Bernanke to Congress: Don't End Stimulus Spending as he told Congress as the fragile economy still needs government stimulus spending to strengthen the recovery and help reduce unemployment. Bernanke urged lawmakers to come up with a credible plan to reduce the government's record-high budget deficits in the long run. But he said they shouldn't move now to slash spending or boost taxes, or undertake some combination of both. "I believe we should maintain our stimulus in the short term," Bernanke said.

We saw a similar view this week from former labor secretary Robert Reich stated that the economy needs more fiscal and monetary stimulus to avoid falling back into recession.“We’re not in a double-dip recession yet. We’re in a one-and-a-half-dip recession,” he wrote in a column on Business Insider. Retail sales, home sales, housing starts and consumer confidence are dropping, so I tend at first blush to agree with him, but I so hate taxpayer give away programs. President Barack Obama should demand a massive national jobs program for millions of people, even if government has to pay their wages directly, Reich argued (I agree we need to eliminate free money transfers no work, no money).

As for all the hype surrounding the so called stellar pro forma positive earnings being a reason for the rally, I have to respectfully disagree as I have gone back and looked at over 100 charts of firms that have reported earnings during the past several weeks and the responses to earnings has been extremely sporadic to say the least these past two weeks….as decent earnings are sold one day and bought the next, then without warning the market participants switch gears and then crappy earnings are bought one day and sold the next. This has surely been a very perplexing development for me. We have enjoyed some very nice earnings plays (longs/shorts) but as a trader we like to see significant consistency, and what we have seen is anything but.

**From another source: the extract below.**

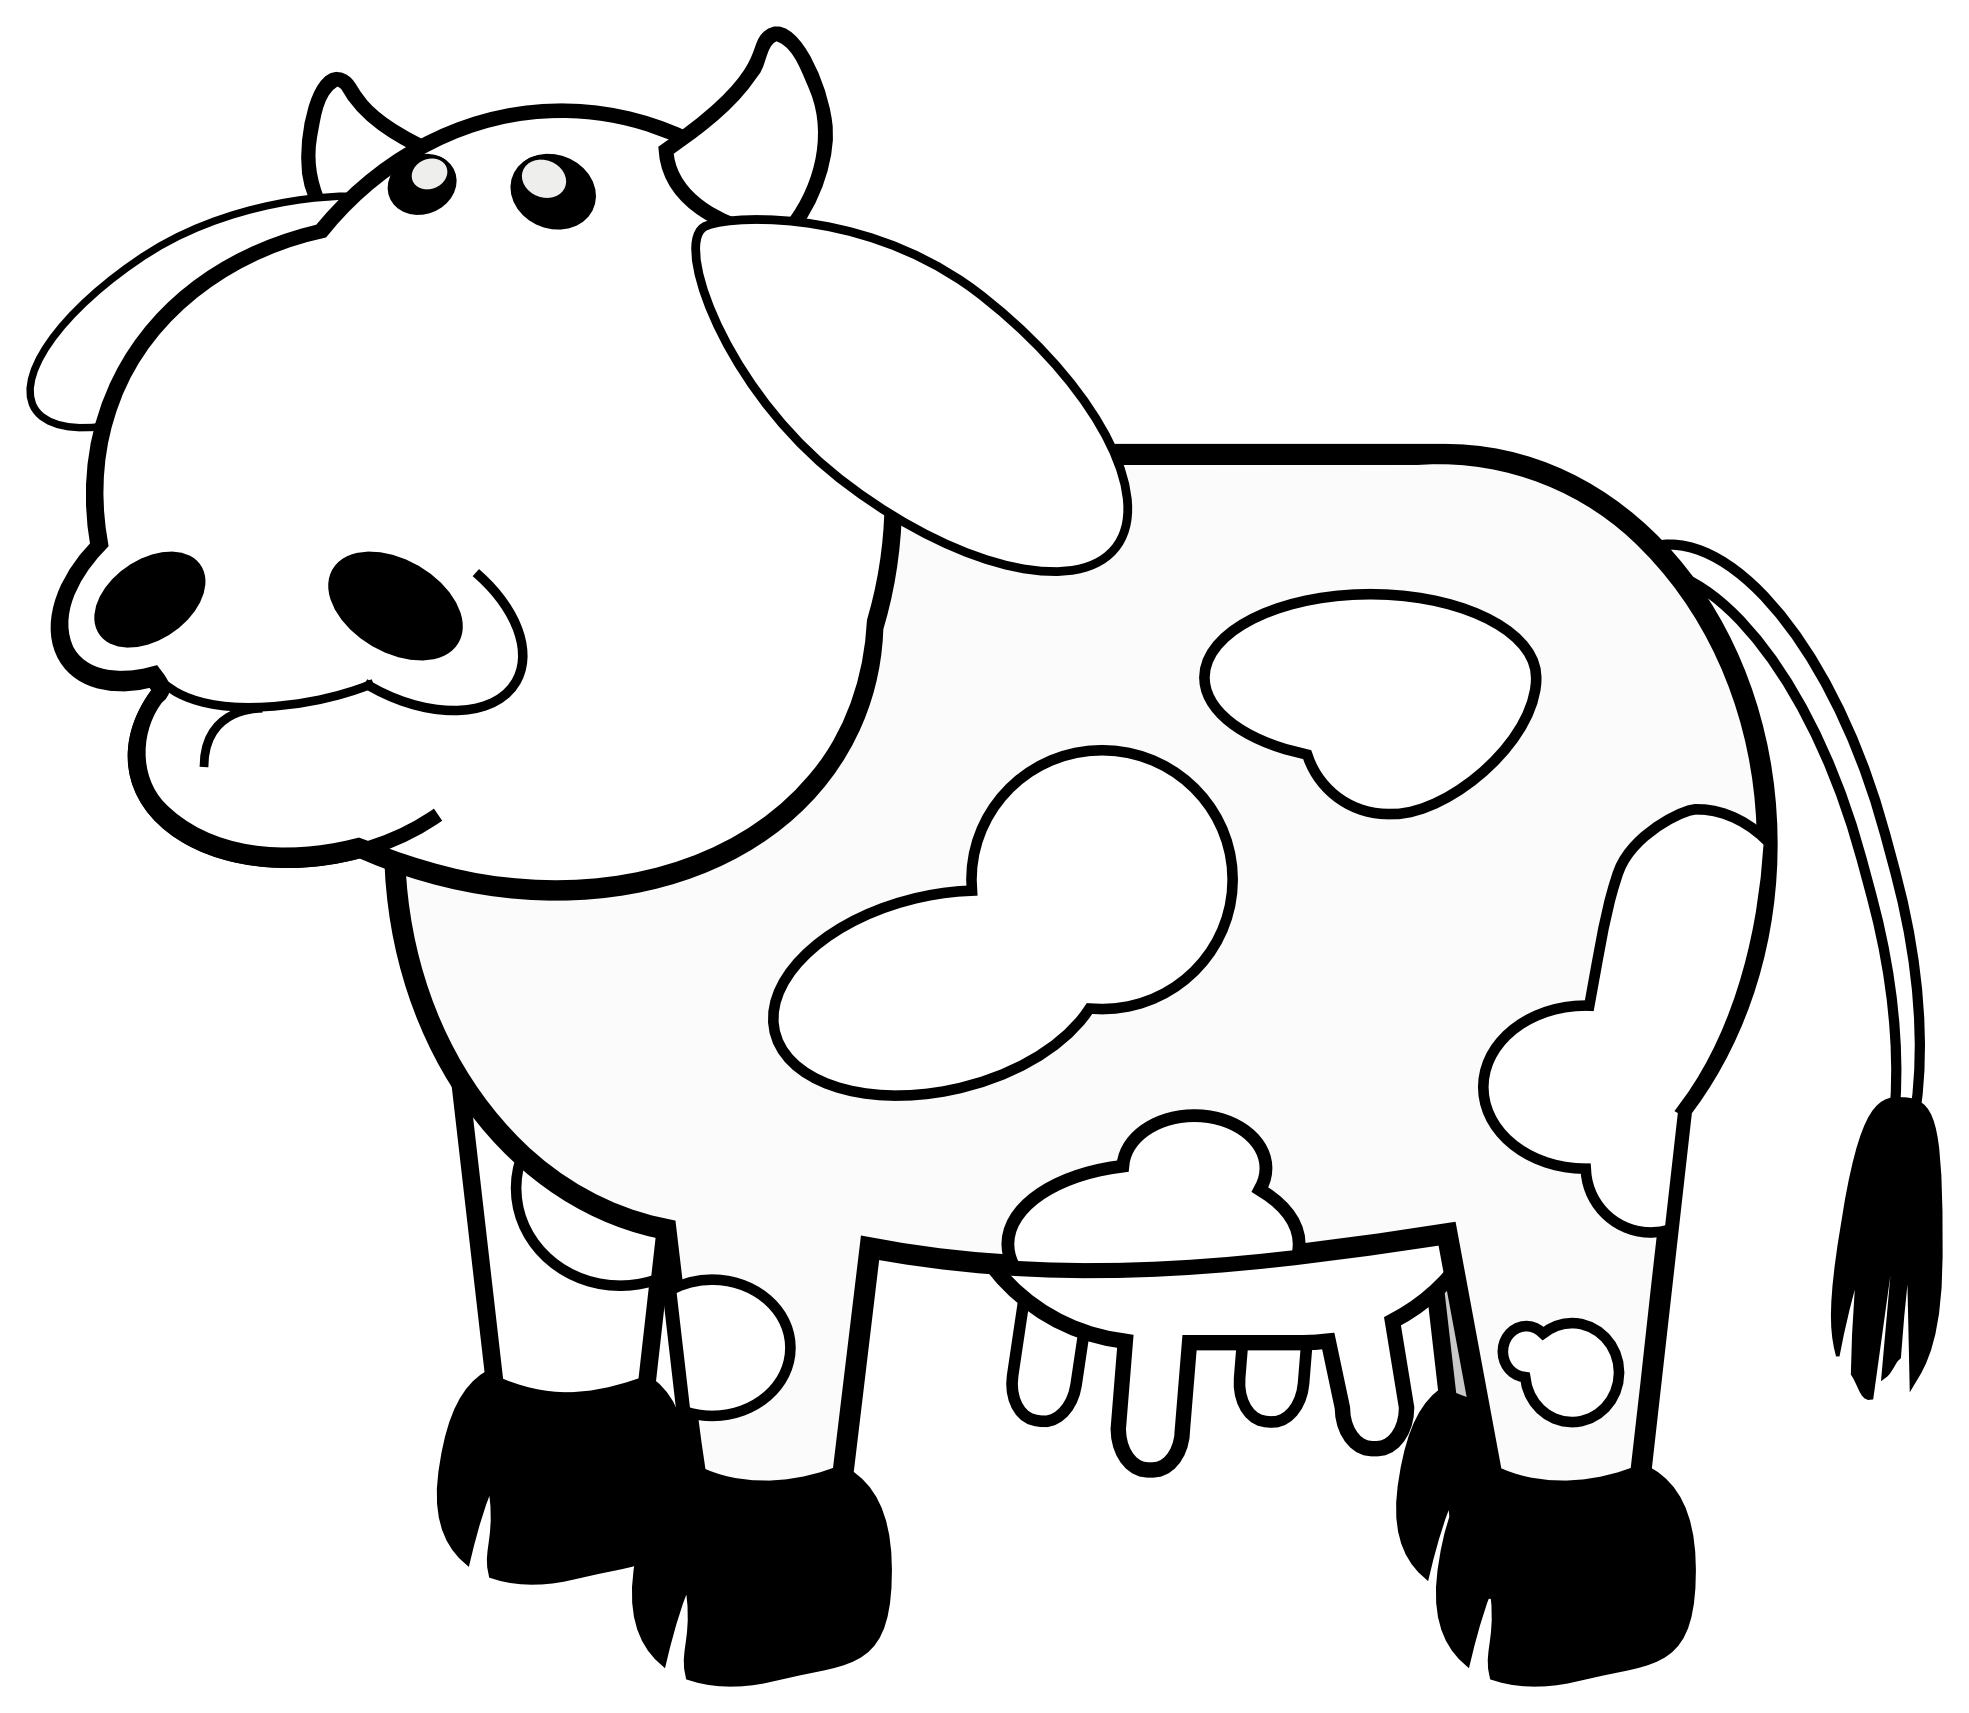 clipart cow black and white - photo #17

In all seriousness my friends this market's whacky bipolar behavior is very dangerous. Volatile price action like this is typically a very unhealthy signal for the markets and participants as bull markets thrive on a steady diet of worry with some good news sprinkled in for good measure, and tend to crawl higher at a relatively steady pace with decent volume, and when the Prozac runs out and they become manic-depressive all hell could break lose as this is often a sign of a market in a distribution topping mode. Yes we could rally a little further (Monday gap-runs have a high probability), and there is the possibility we could run up for another 8-18 hours right smack dab into my major/major turn time but in my opinion the potential for a nasty selling event and reversal as these indexes and high-beta stocks that have flown upward in a parabolic fashion just like Icarus who with a set of wax coated wings decided to fly towards the sun, before the wax melted and he plunged to his death….as the markets move higher they become more and more vulnerable to a very nasty correction/reversal.

As I wrote last week I have a major/major market inflection scheduled to hit this week and when you throw in several other significant divergences in the market place, along with a plethora of economic data to be released (5-trading days left to the month) and we throw in another so called extreme astrological event, something I don't fully understand but many an astrologists believes this will result in many forbidding contagions, they call it a Cardinal Climax which is a particular alignment of 5 planets, something that hasn't happened in 1000 years (some say 10,000 years). Arch Crawford says certain planetary alignments put people under additional stress others severe stress (and this is of the severe stress variety) and of course that's reflected in their moods which is then reflected in the stock market as its run by people that of course are influenced by these developments. This particular alignment is supposed to be accompanied by some particularly nasty things (possibly involving a nuclear and/or nasty radiation event). Arch Crawford is calling for a market crash and he has been at times very accurate in many of his past calls to dismiss this lightly.